[Start of section]

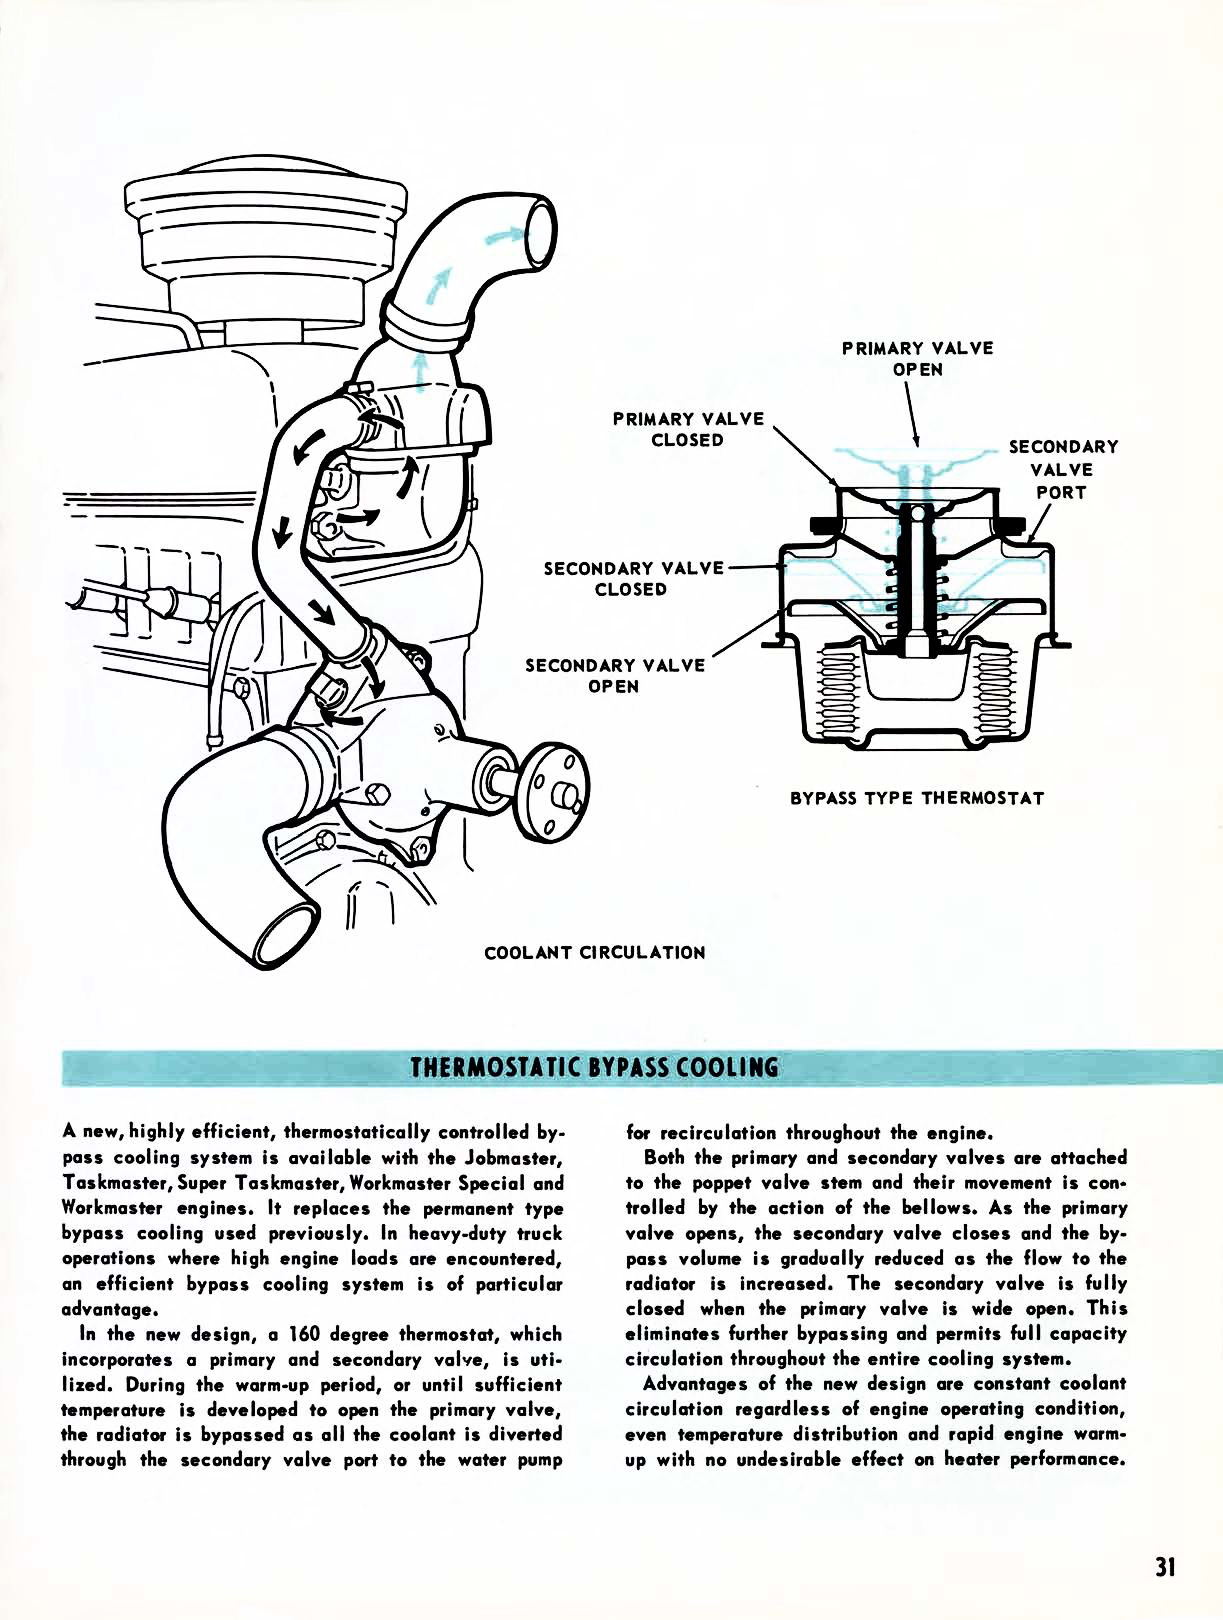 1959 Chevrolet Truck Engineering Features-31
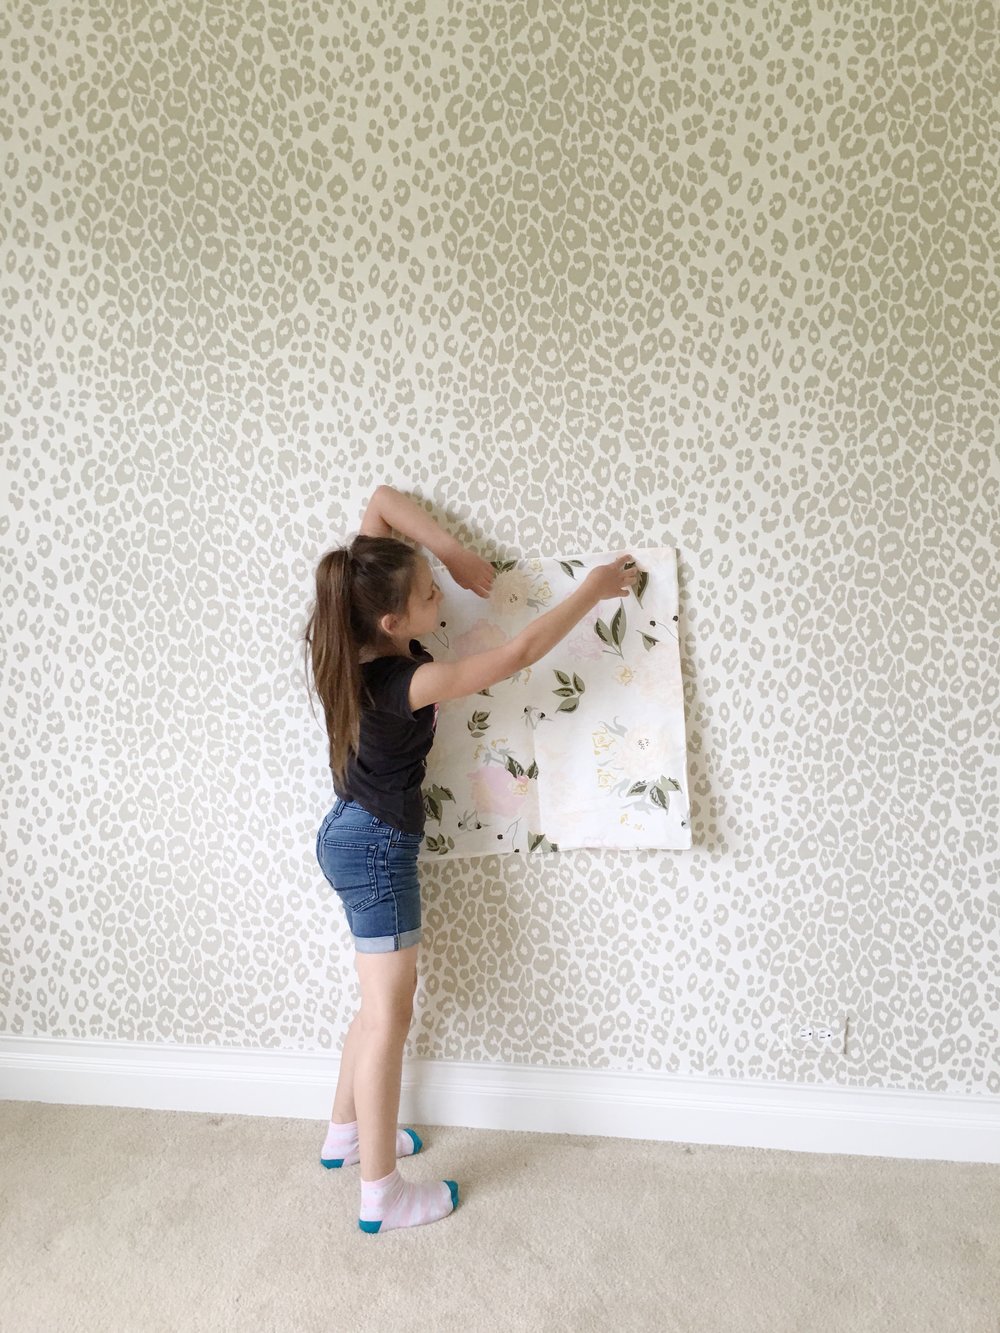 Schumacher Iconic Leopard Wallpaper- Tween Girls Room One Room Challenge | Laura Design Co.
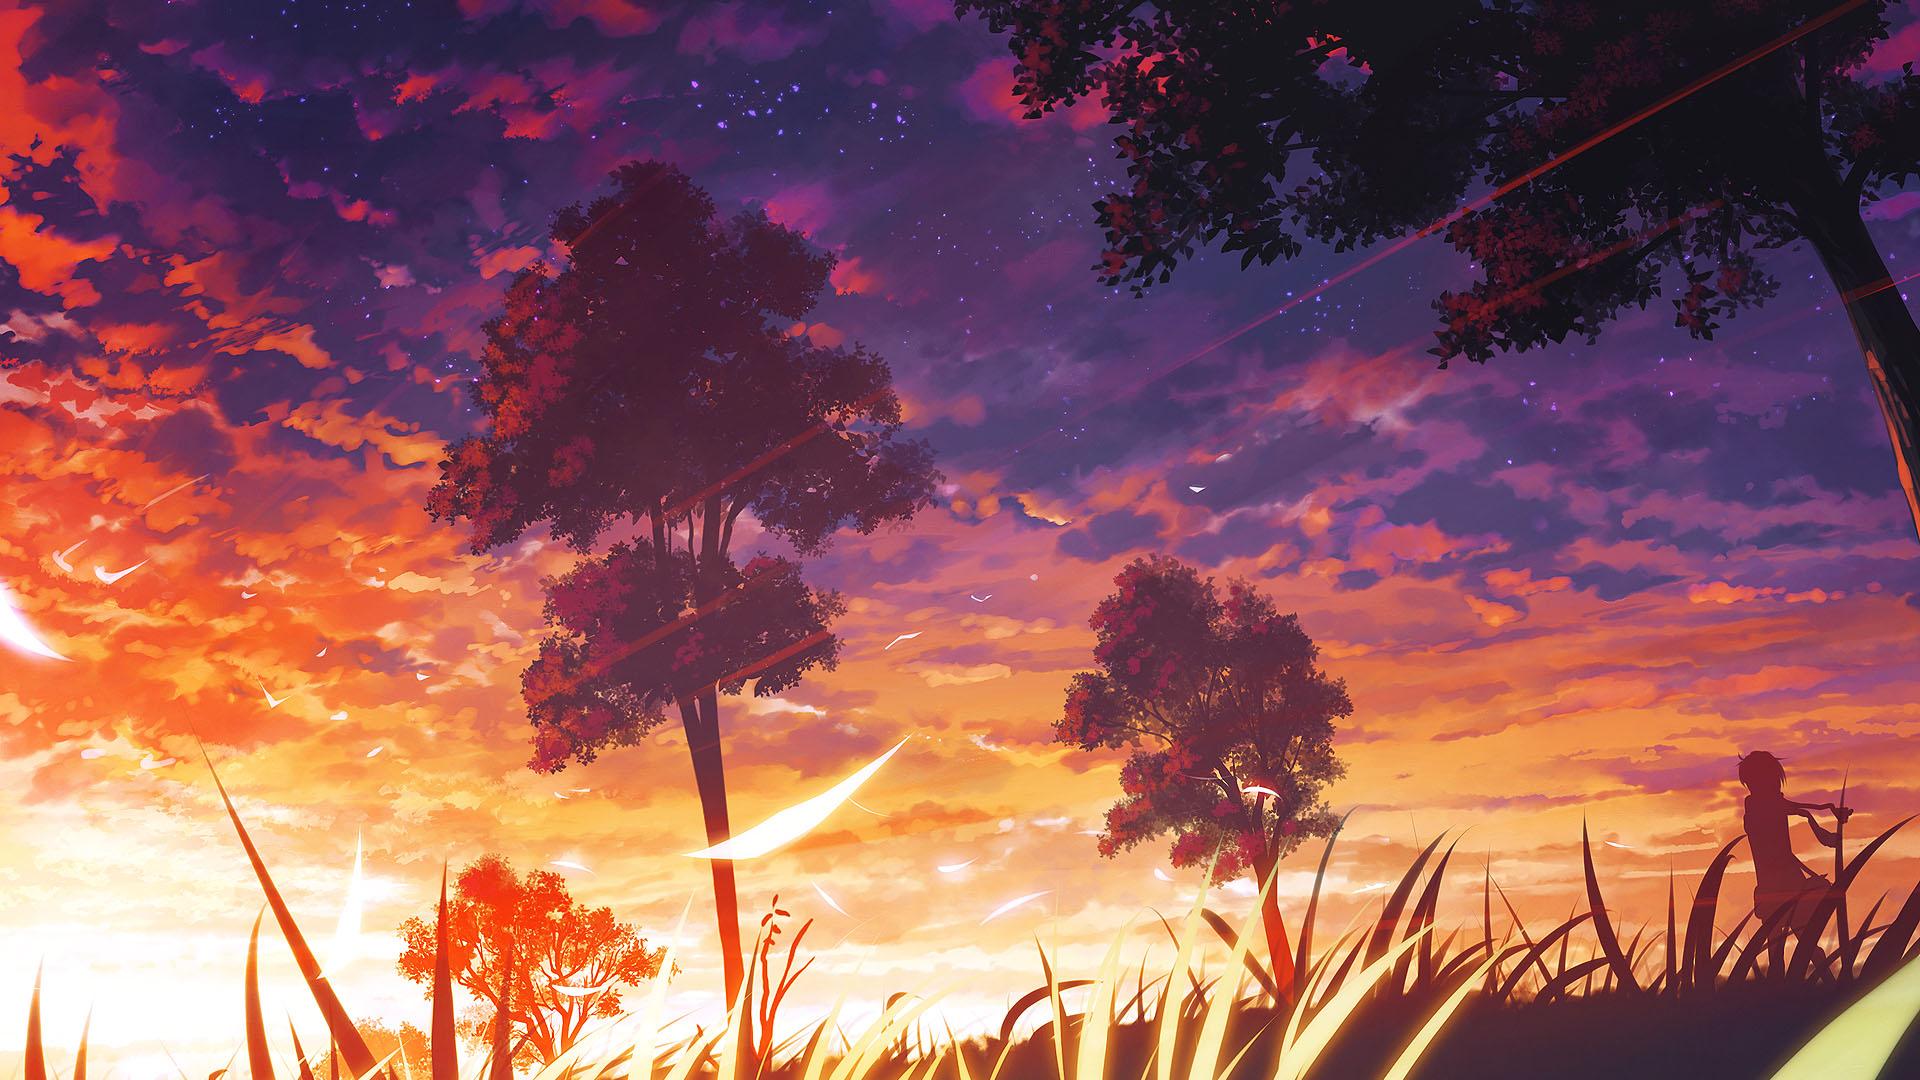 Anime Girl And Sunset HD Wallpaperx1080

[End of section]
[Start of section]

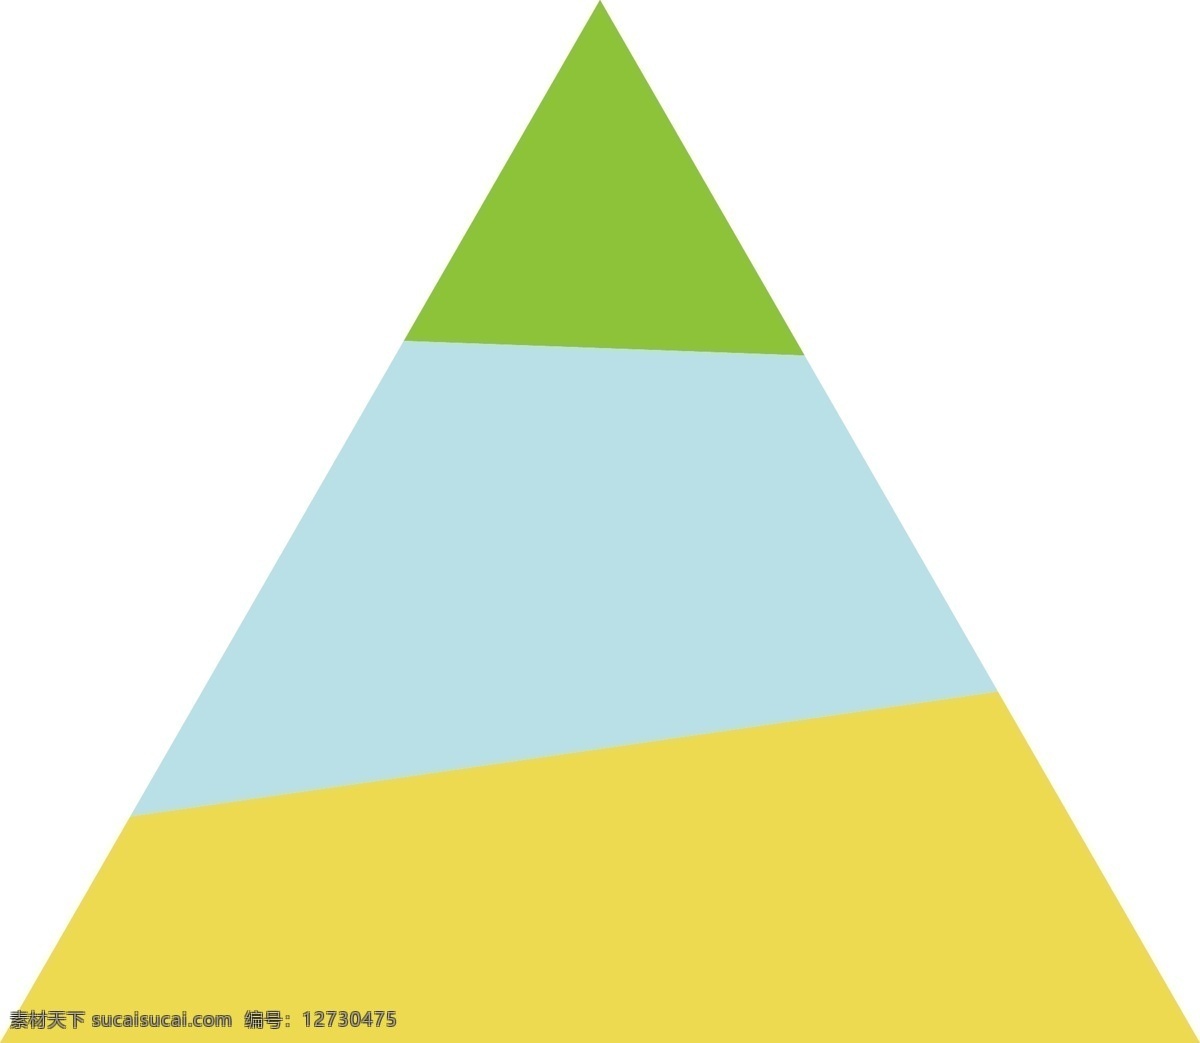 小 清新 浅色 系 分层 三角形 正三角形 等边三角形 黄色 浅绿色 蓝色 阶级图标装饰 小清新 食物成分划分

[End of section]
[Start of section]

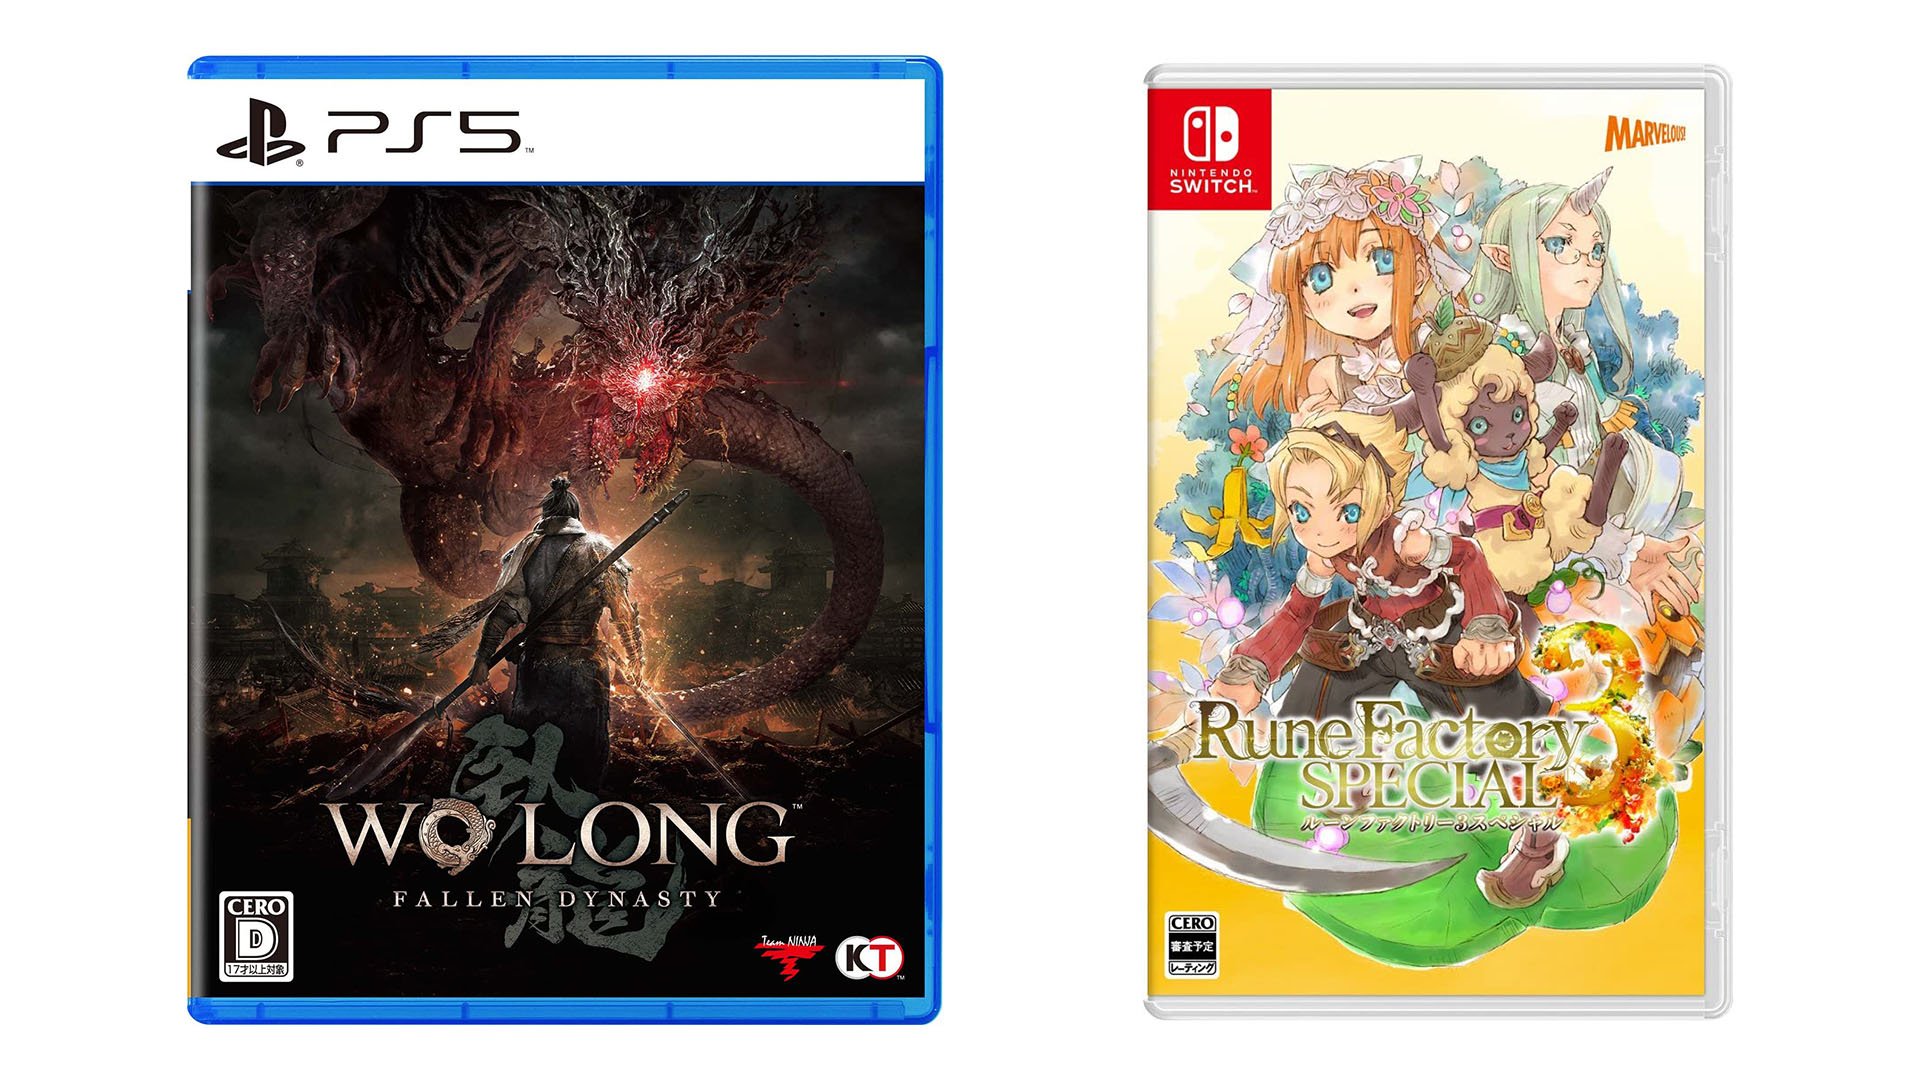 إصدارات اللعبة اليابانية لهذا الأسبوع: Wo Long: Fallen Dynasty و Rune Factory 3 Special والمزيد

[End of section]

— Directions for this task —
Once the line with "1959 Chevrolet Truck Engineering Features-31" is found above, transcribe each line from it through the line with "Anime Girl And Sunset HD Wallpaperx1080", exactly, and omit the pictures.

— Expected answer —
 1959 Chevrolet Truck Engineering Features-31
 Schumacher Iconic Leopard Wallpaper- Tween Girls Room One Room Challenge | Laura Design Co.
 Anime Girl And Sunset HD Wallpaperx1080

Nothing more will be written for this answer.